Wayne Pacelle, president and CEO of the Humane Society of the United States, called the congressional and state-level resolutions an attempt to make an end-run around the courts.

“That 111-page decision very tightly argued that the states, mainly Wisconsin and Minnesota, went on something of a killing spree, and that was not responsible state management,” Pacelle said.

The Humane Society of the United States and several other groups — including the Detroit Zoo — have petitioned U.S. Fish and Wildlife to consider a compromise. The groups suggest wolves be given “threatened” status instead of “endangered.”

That would prohibit sport hunting but give states greater control in dealing with problem wolves, such as those that kill livestock.

On Wednesday, the Humane Society also sent a letter signed by 50 wildlife biologists — including Michigan’s Isle Royale National Park wolf researchers Rolf Peterson and John Vucetich — asking Congress not to strip federal protections from wolves.

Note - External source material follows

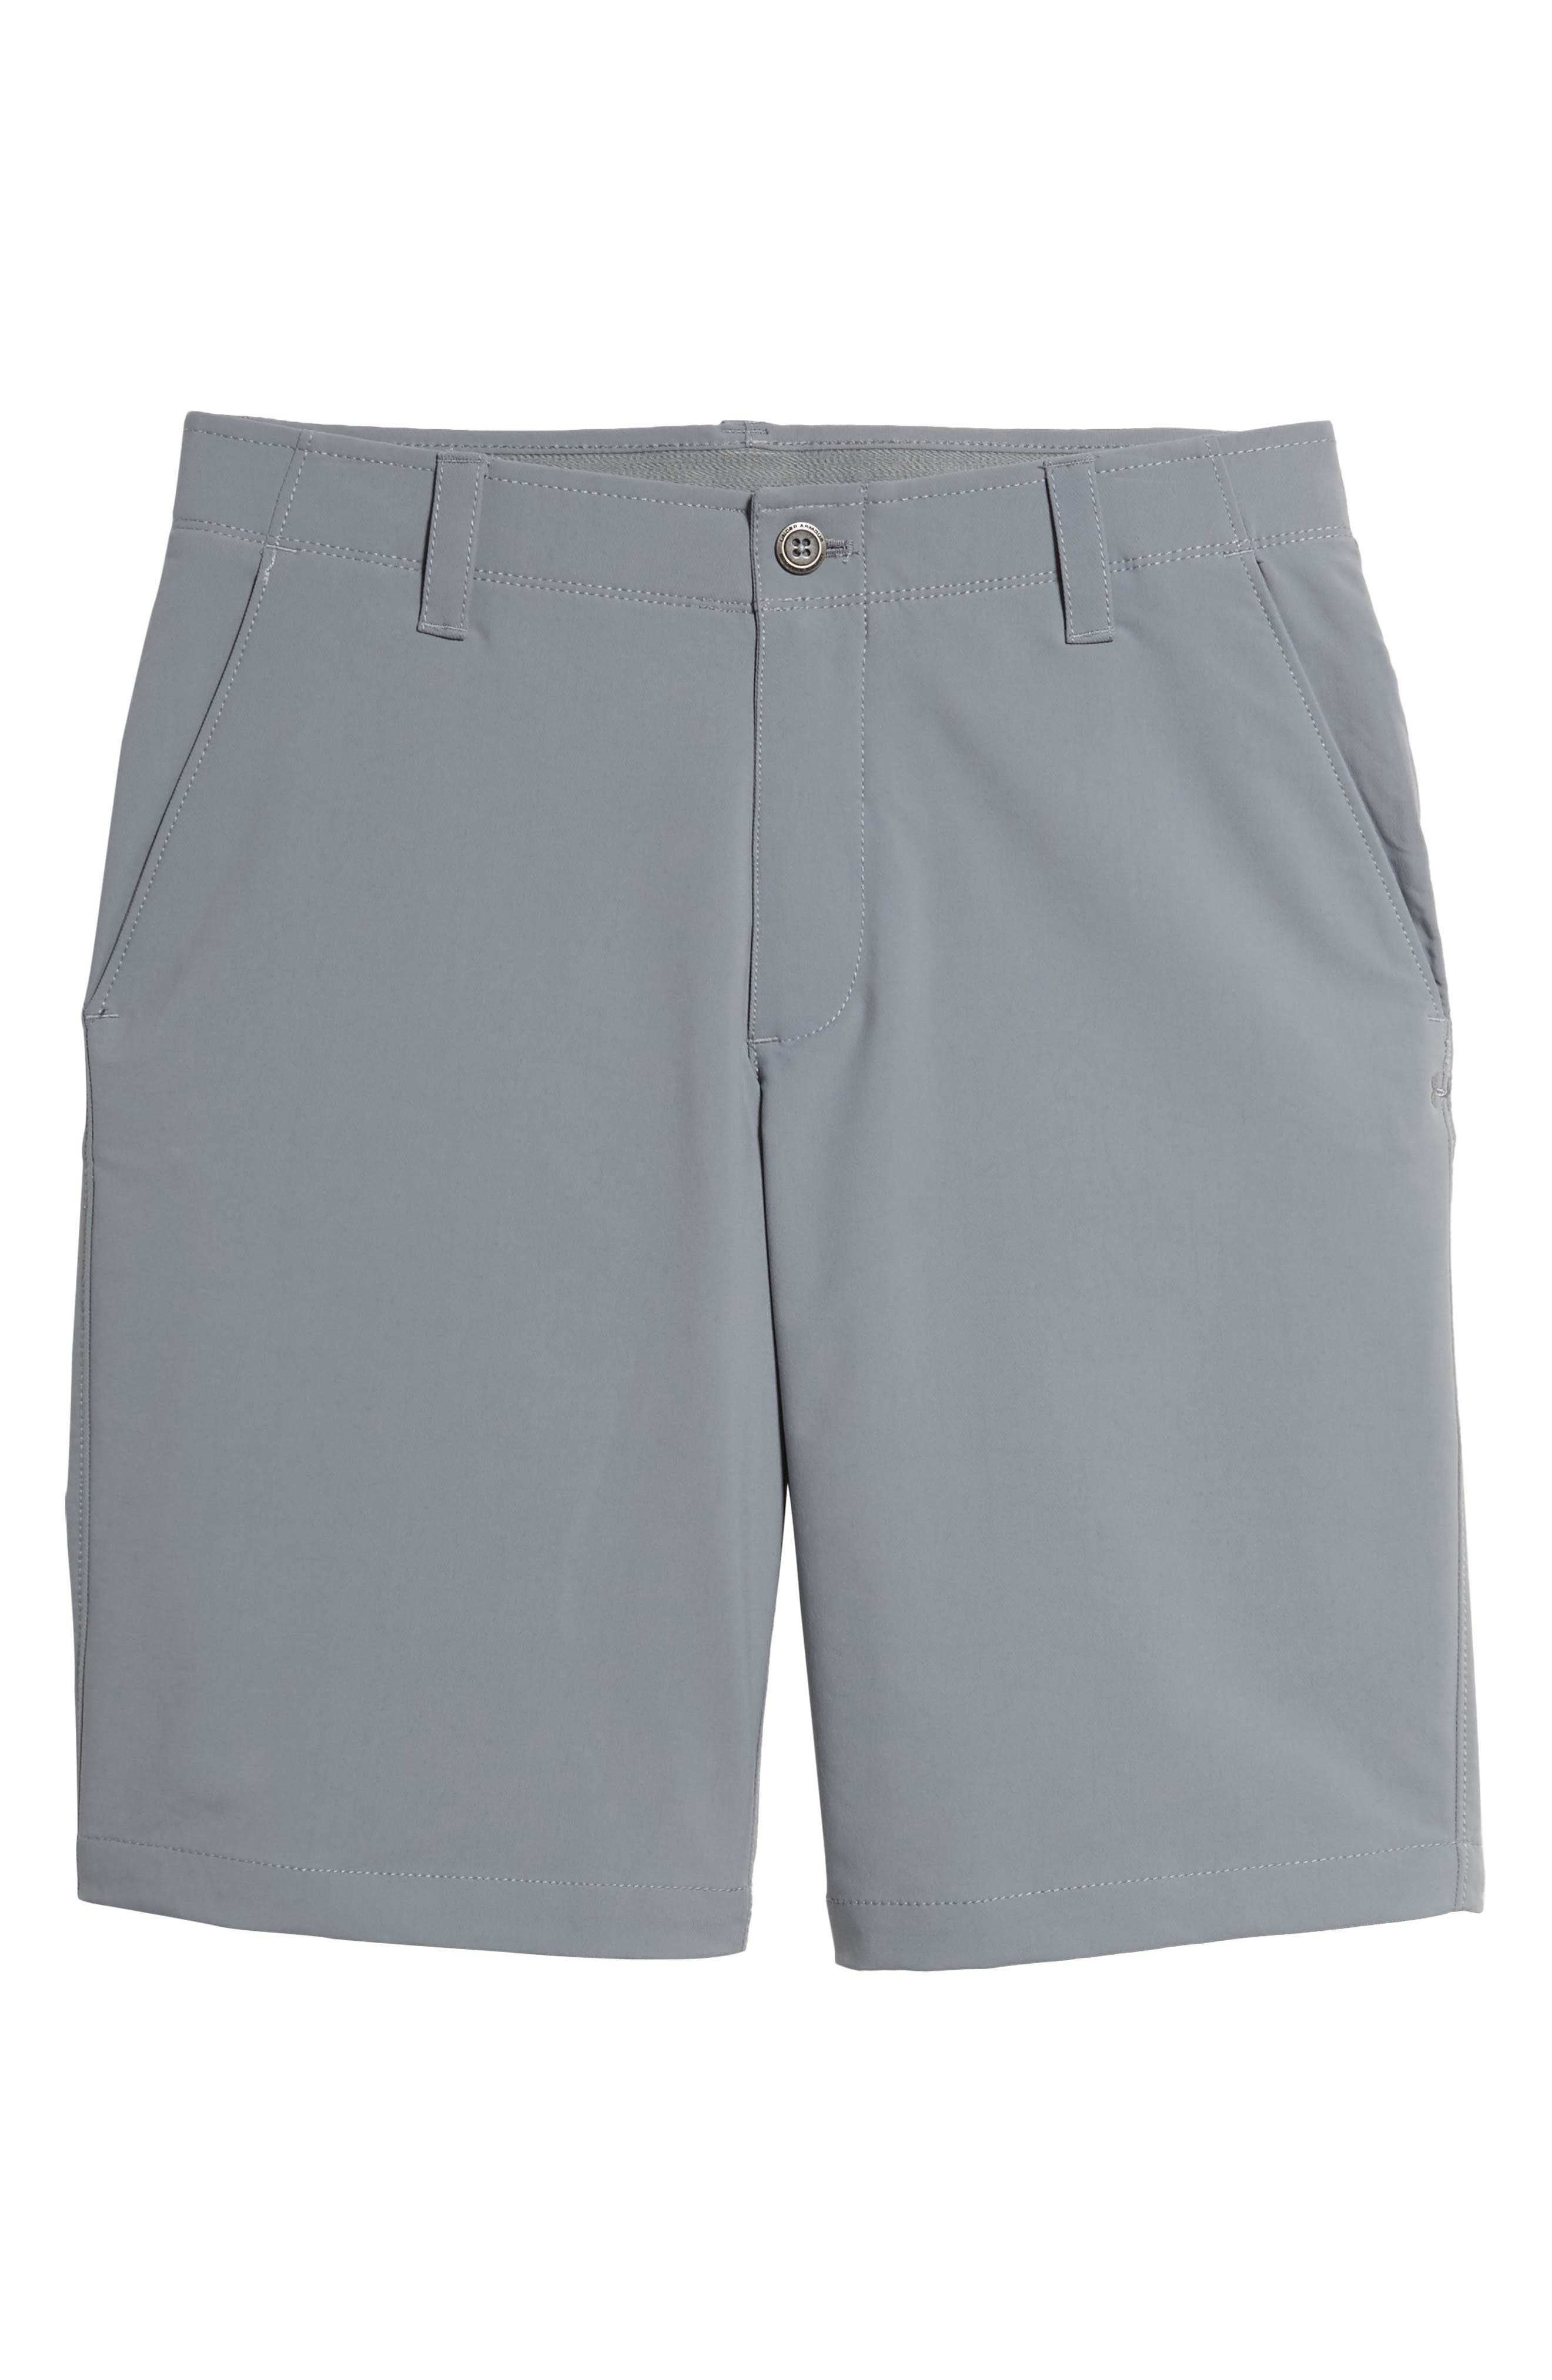 'Matchplay' Moisture Wicking Golf Shorts,                             Main thumbnail 1, color,                             Steel

“The best available science indicates that the gray wolf occupies a mere fraction of its historic range and therefore has not yet recovered from centuries of systematic persecution,” the letter states. “For this reason, and in recognition of the ecological benefits wolves bring, millions of tourism dollars to local economies, and abundant knowledge from scientific study, we ask Congress to act to conserve the species for future generations.”

Golder said the DNR is open to ideas, but maintains that states must be given more control.

“Right now, the situation in Michigan is, if you are a farmer and one of your cows or sheep is being killed by a wolf, or you’re a hunter out in the woods and one of your dogs is being killed by a wolf, the law says there is nothing you can do,” Golder said. “That is an untenable situation. That is what we need to see fixed.”

Minnesota and Wisconsin — which have larger wolf populations than Michigan — have held three wolf hunts each since 2012. Michigan held one in 2013 in three areas of the Upper Peninsula.

Michigan voters rejected further wolf hunts on two ballot initiatives last November, but the votes were rendered moot by separate legislative action that would have granted the state’s Natural Resources Commission the authority to name any animal a game species.

A second Michigan hunt was likely in 2015 until the judge’s ruling was issued, prohibiting all future wolf hunting.